Unexpectedly, in the "after" period, this lift number plunged to below 6 times. In other words, the predictive power is poor (when computed on data not even collected at the time of model-building). Given that no treatment was applied, if the predictive model captured the underlying dynamics, we should expect to see the lift number to be close to 13 times again. (We're assuming no strong known other factor that could cause the accident rates to collapse during the "after" period - in fact, in aggregate, the total number of accidents slightly increased.)

Here is the more subtle error: usually, the "after" period is *after* some safety measure is applied to the black spots (and not the other sites).

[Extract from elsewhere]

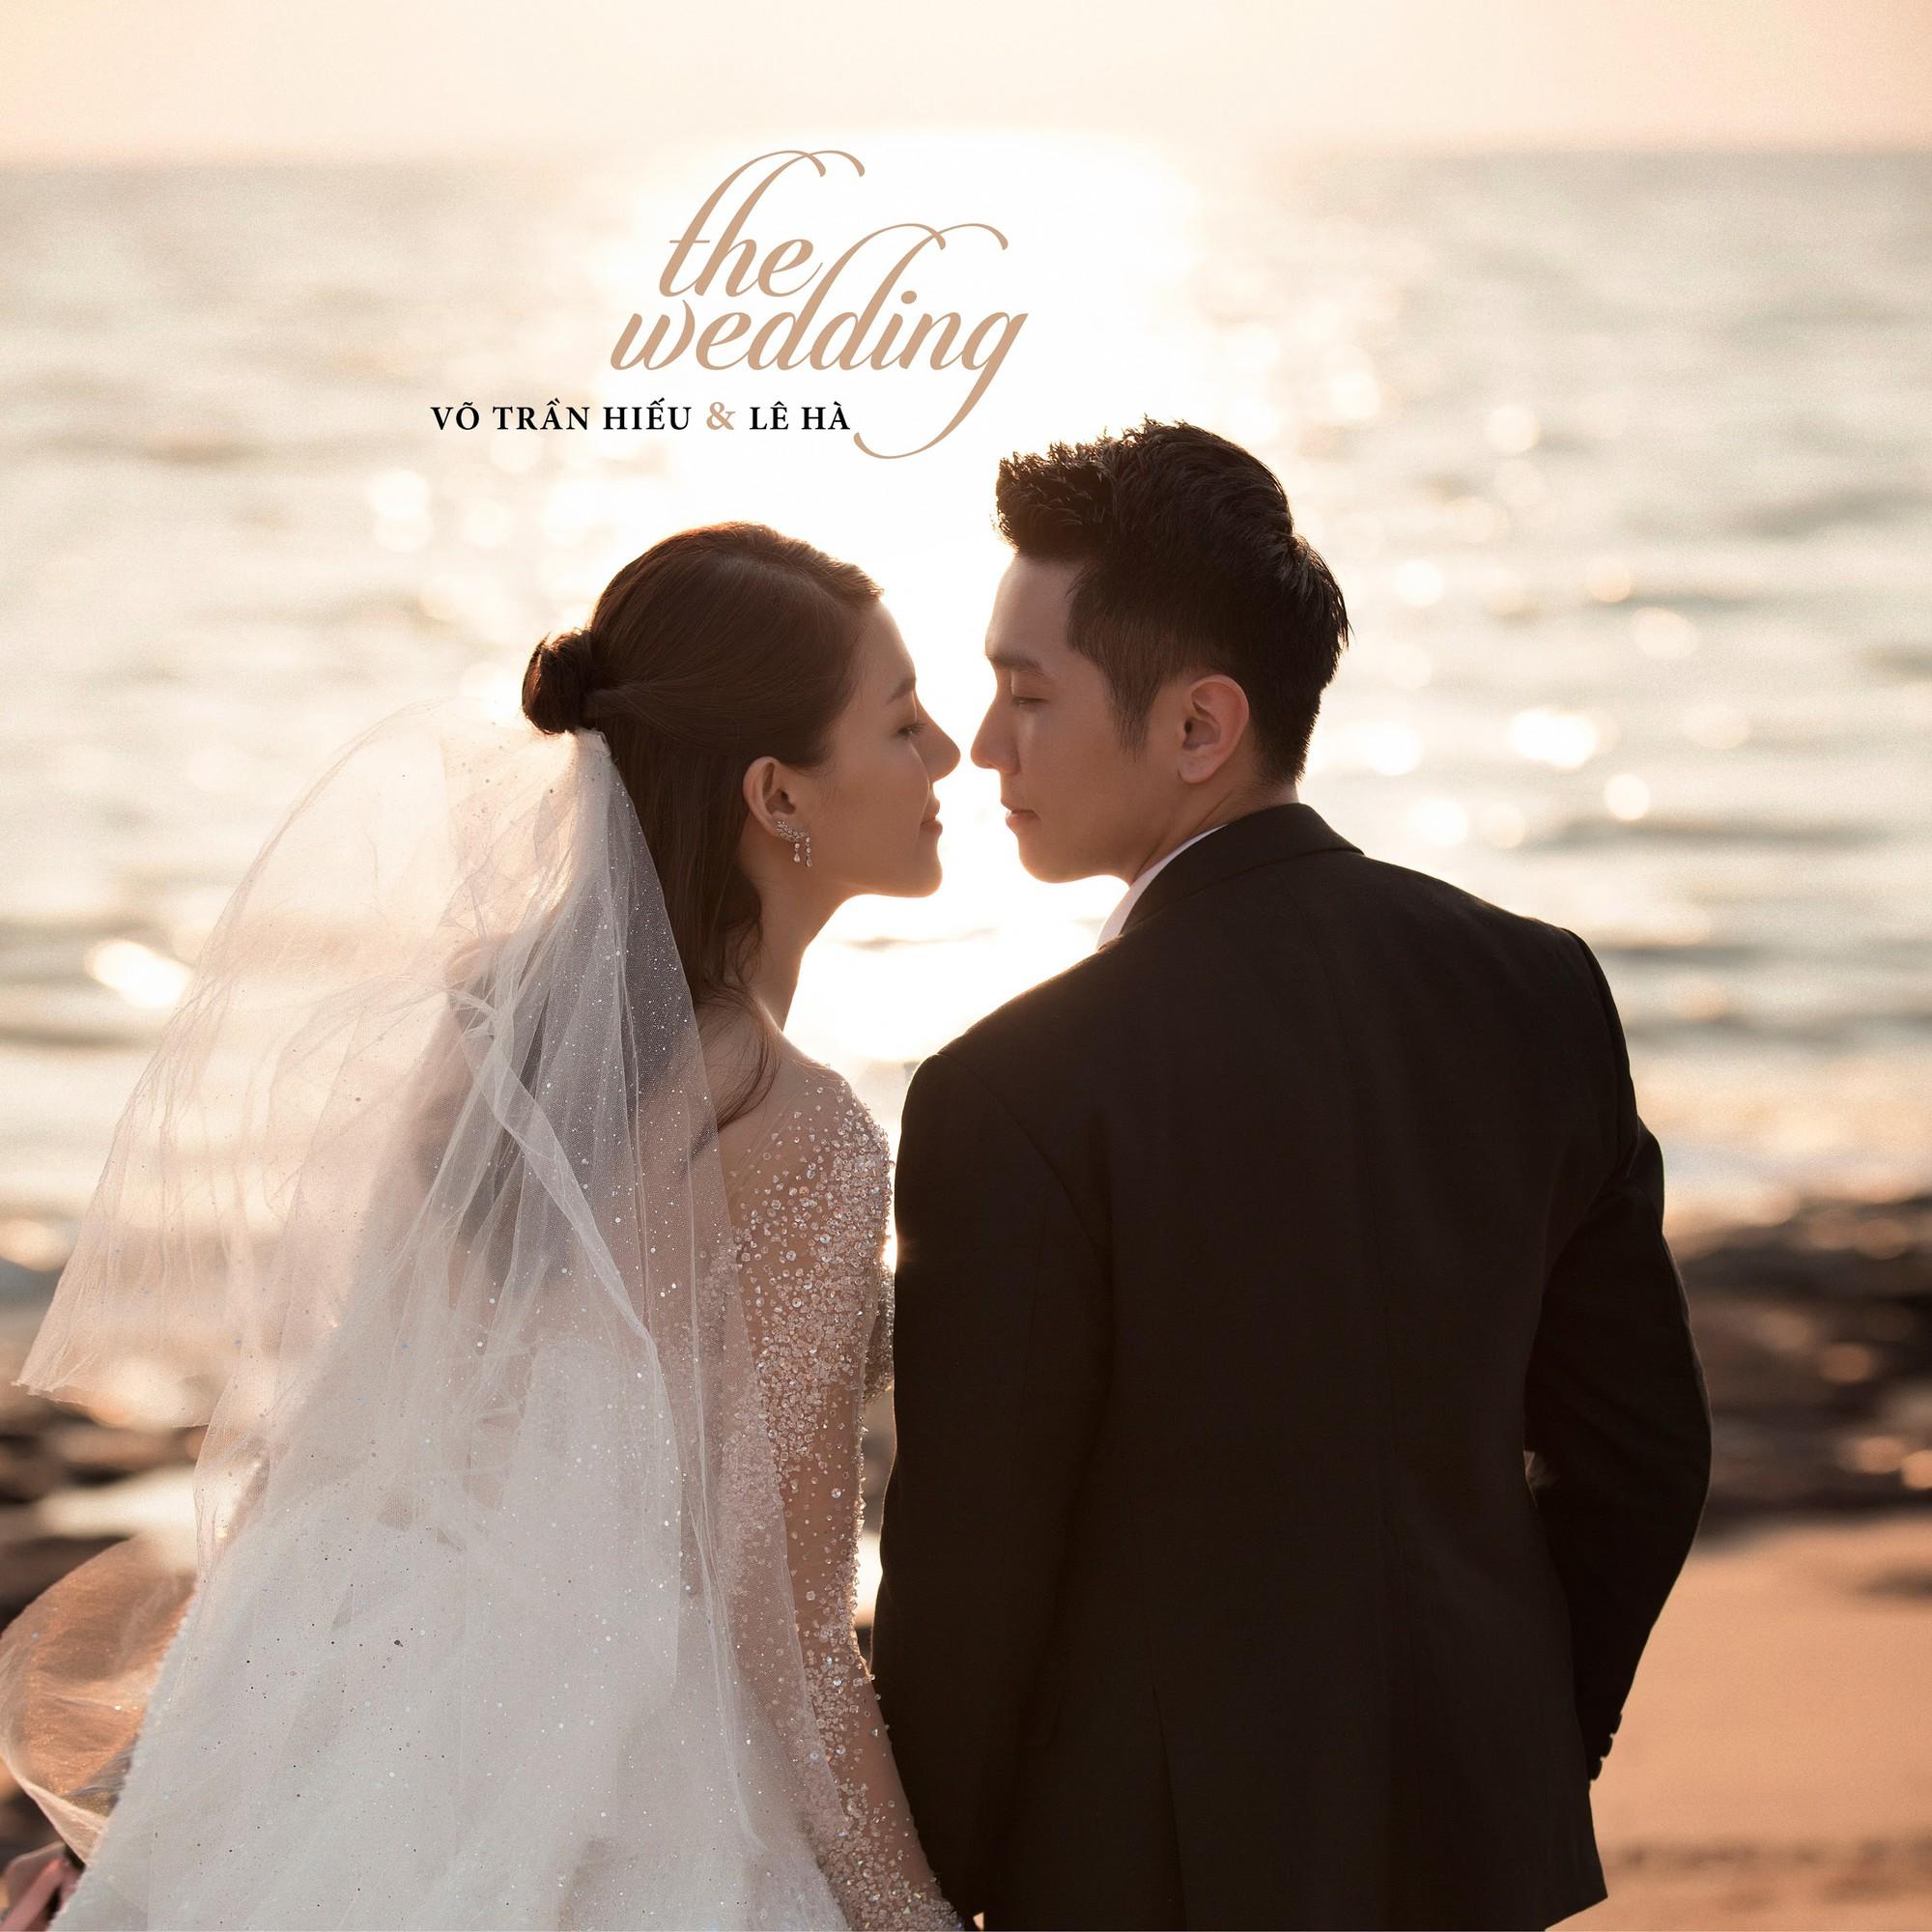 Cận ngày trọng đại, Lê Hà tung trọn bộ ảnh cưới lãng mạn chẳng kém phim Hàn cùng hôn phu điển trai - Ảnh 4.

The expected result is a drop in accident rate at the black spots, providing evidence that the safety measure actually *caused* the reduction in accidents. It is therefore very convenient for analysts (and policymakers who hire them) to conclude that the drop from 13.5 times to 6 times is evidence of the effectiveness of the safety measure. What the above analysis shows is that even in the absence of a safety measure, the accident rate could have dropped by half! So if you did apply a safety measure, it would need to produce a massive effect beyond the regression to the mean.

There are two reasons why analysts may fall prey to this type of bad analysis: one is confirmation bias - seeing in the data what you want or expect to see; the other is being what Nassim Taleb calls "fooled by randomness".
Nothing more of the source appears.